### WHAT TO WORK ON
Could the data below please be reproduced word for word, without the pictures?

### DATASET SECTION
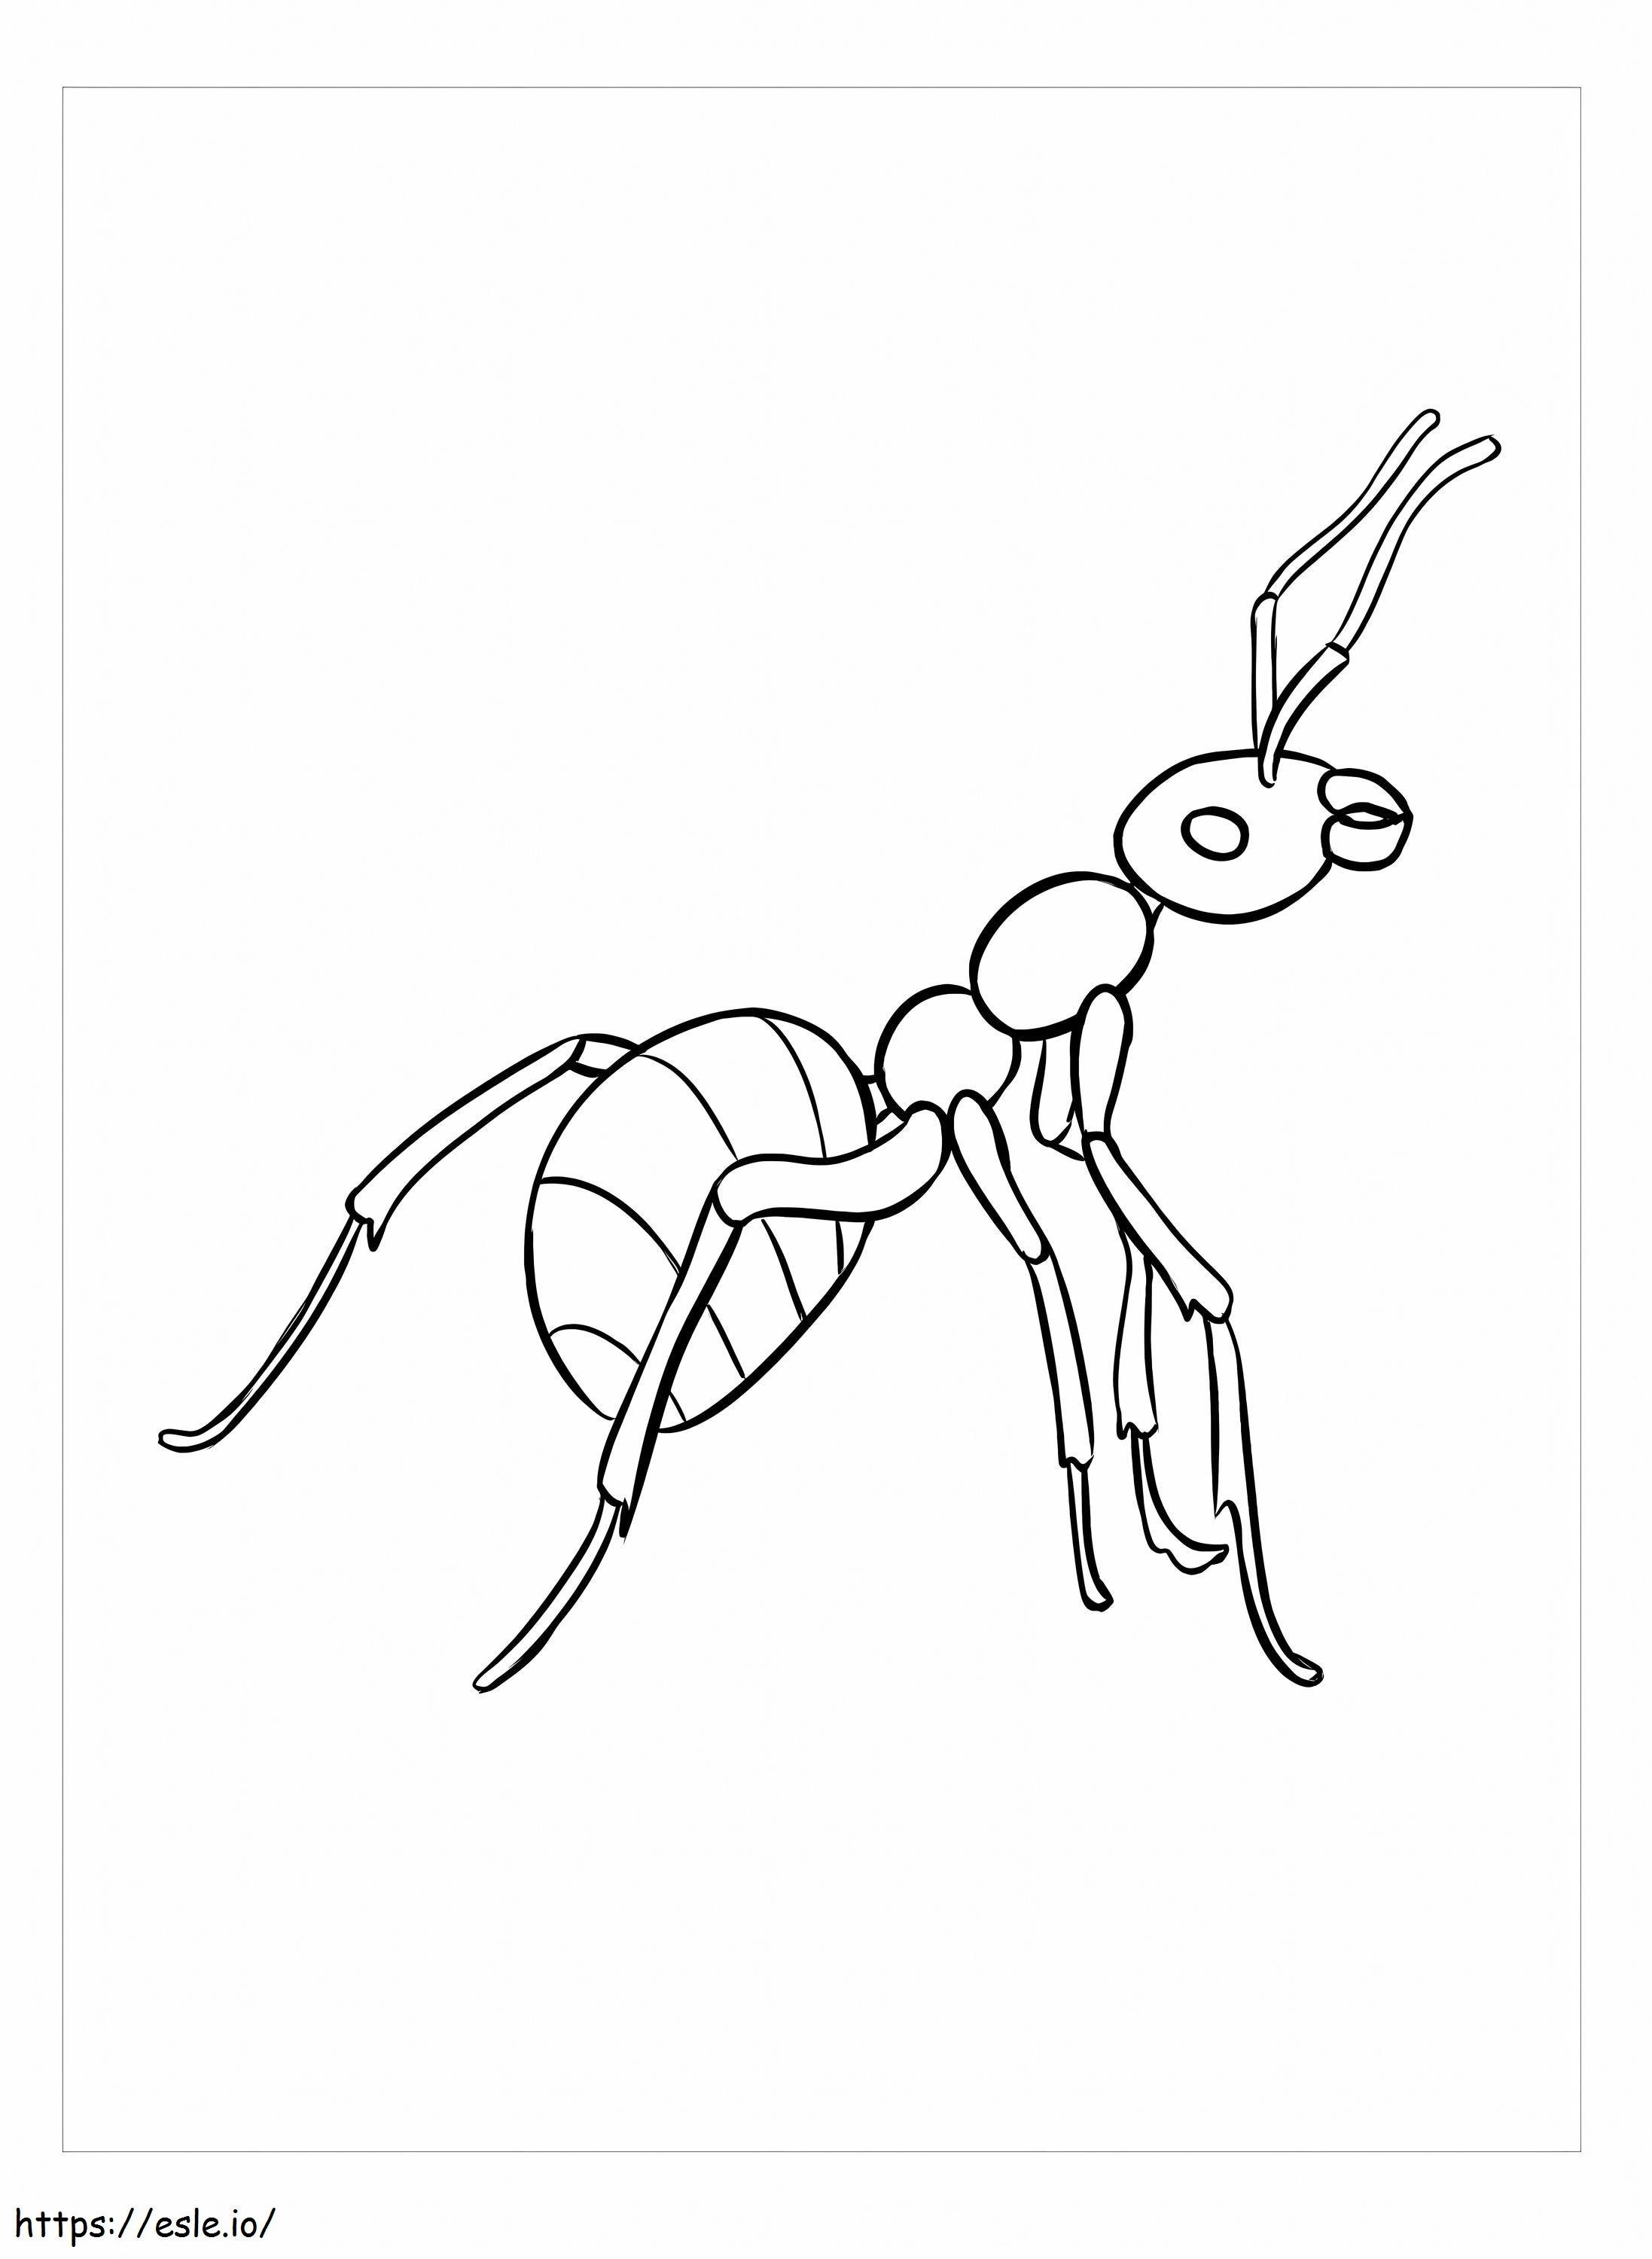 Gratis afbeeldingen van mieren kleurplaat kleurplaat
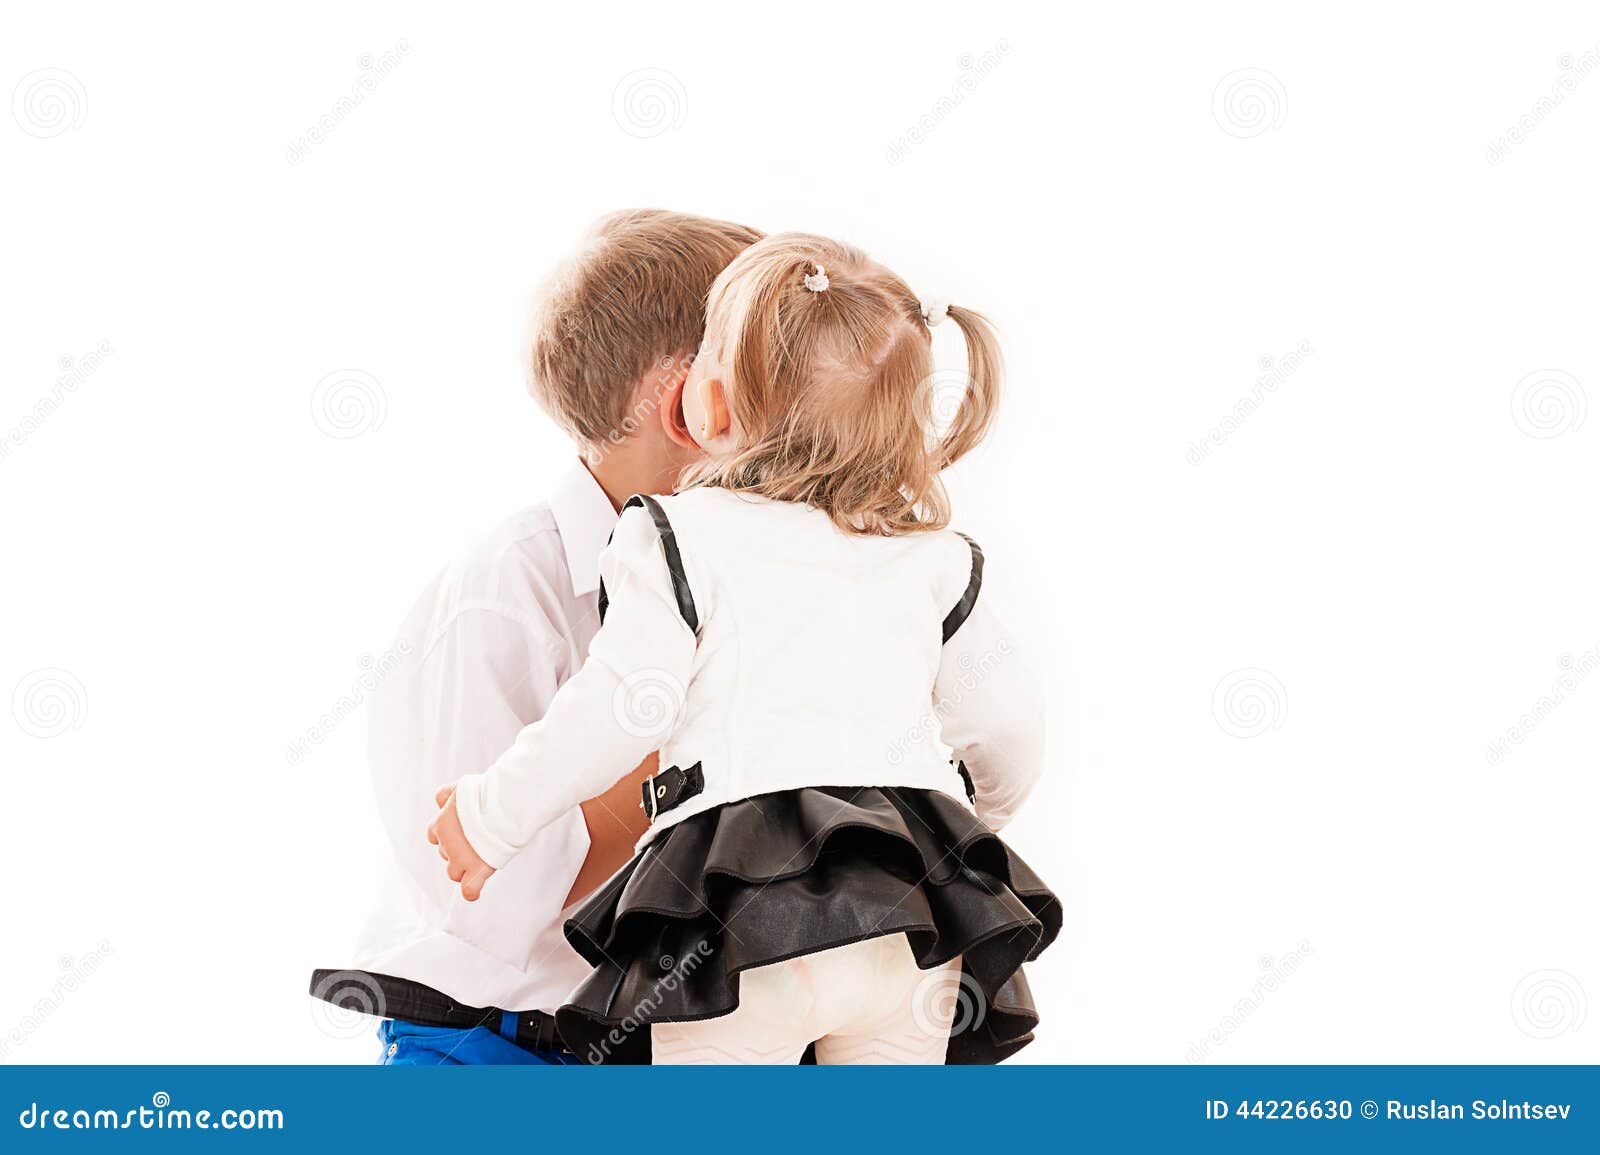 Лизать трусы сестре. Мальчик и девочка маленькие. Мальчик целует мальчика. Мальчик целует девочку за ногу.
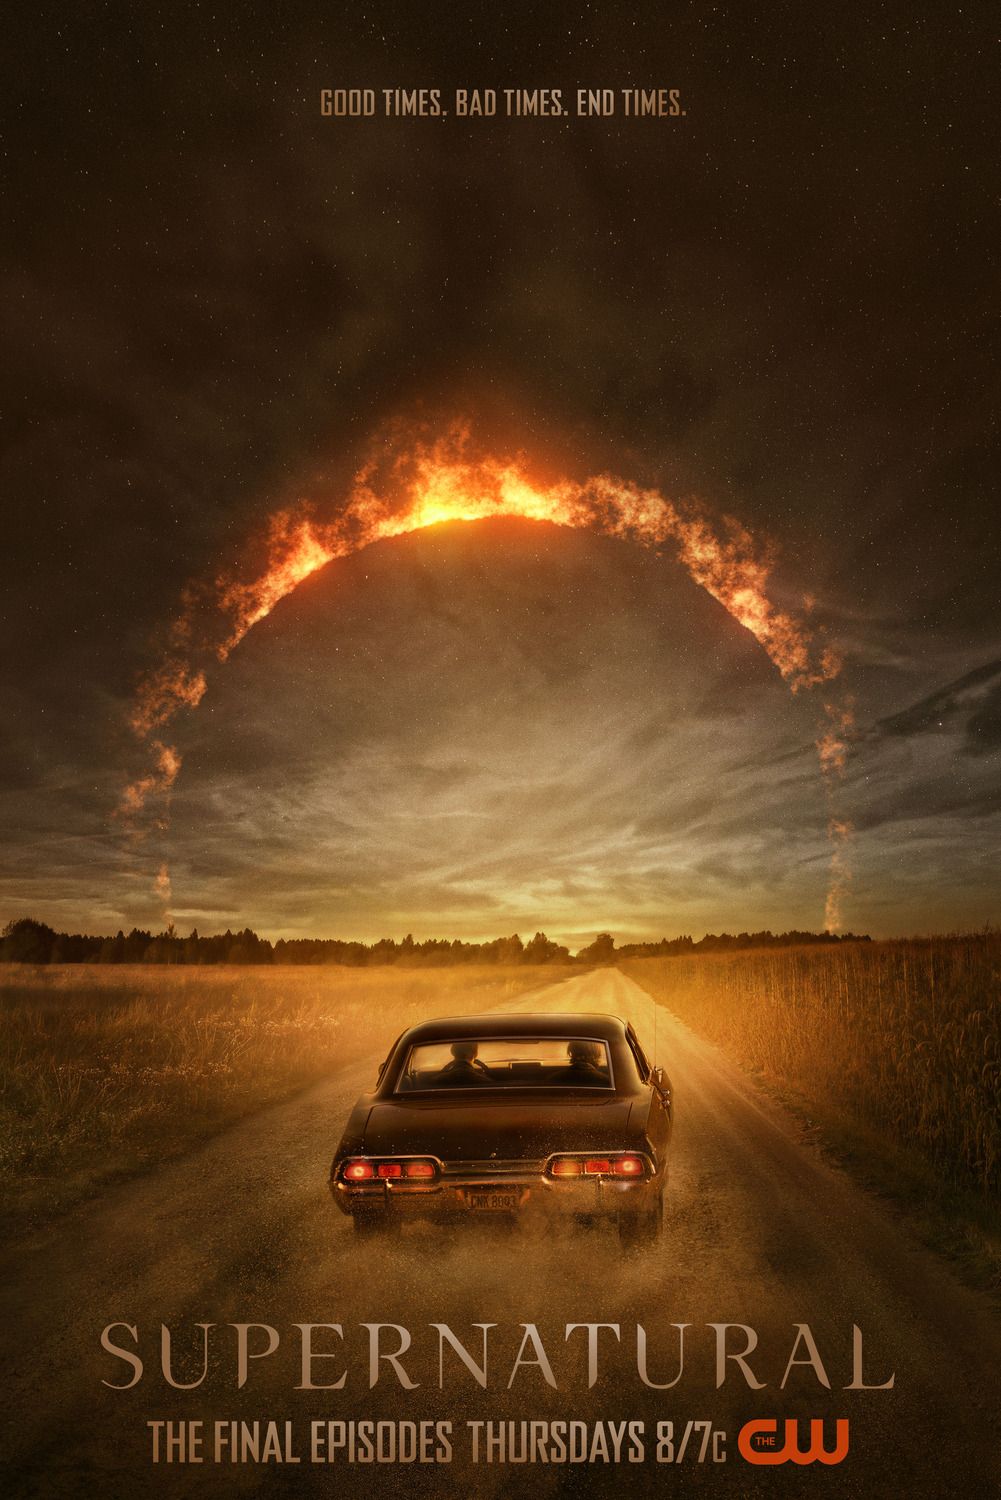 El Black Impala de los Winchester se dirige hacia un horizonte infernal en el póster de la serie de televisión Supernatural

### THE ANSWER
 Gratis afbeeldingen van mieren kleurplaat kleurplaat
 Лизать трусы сестре. Мальчик и девочка маленькие. Мальчик целует мальчика. Мальчик целует девочку за ногу.
 El Black Impala de los Winchester se dirige hacia un horizonte infernal en el póster de la serie de televisión Supernatural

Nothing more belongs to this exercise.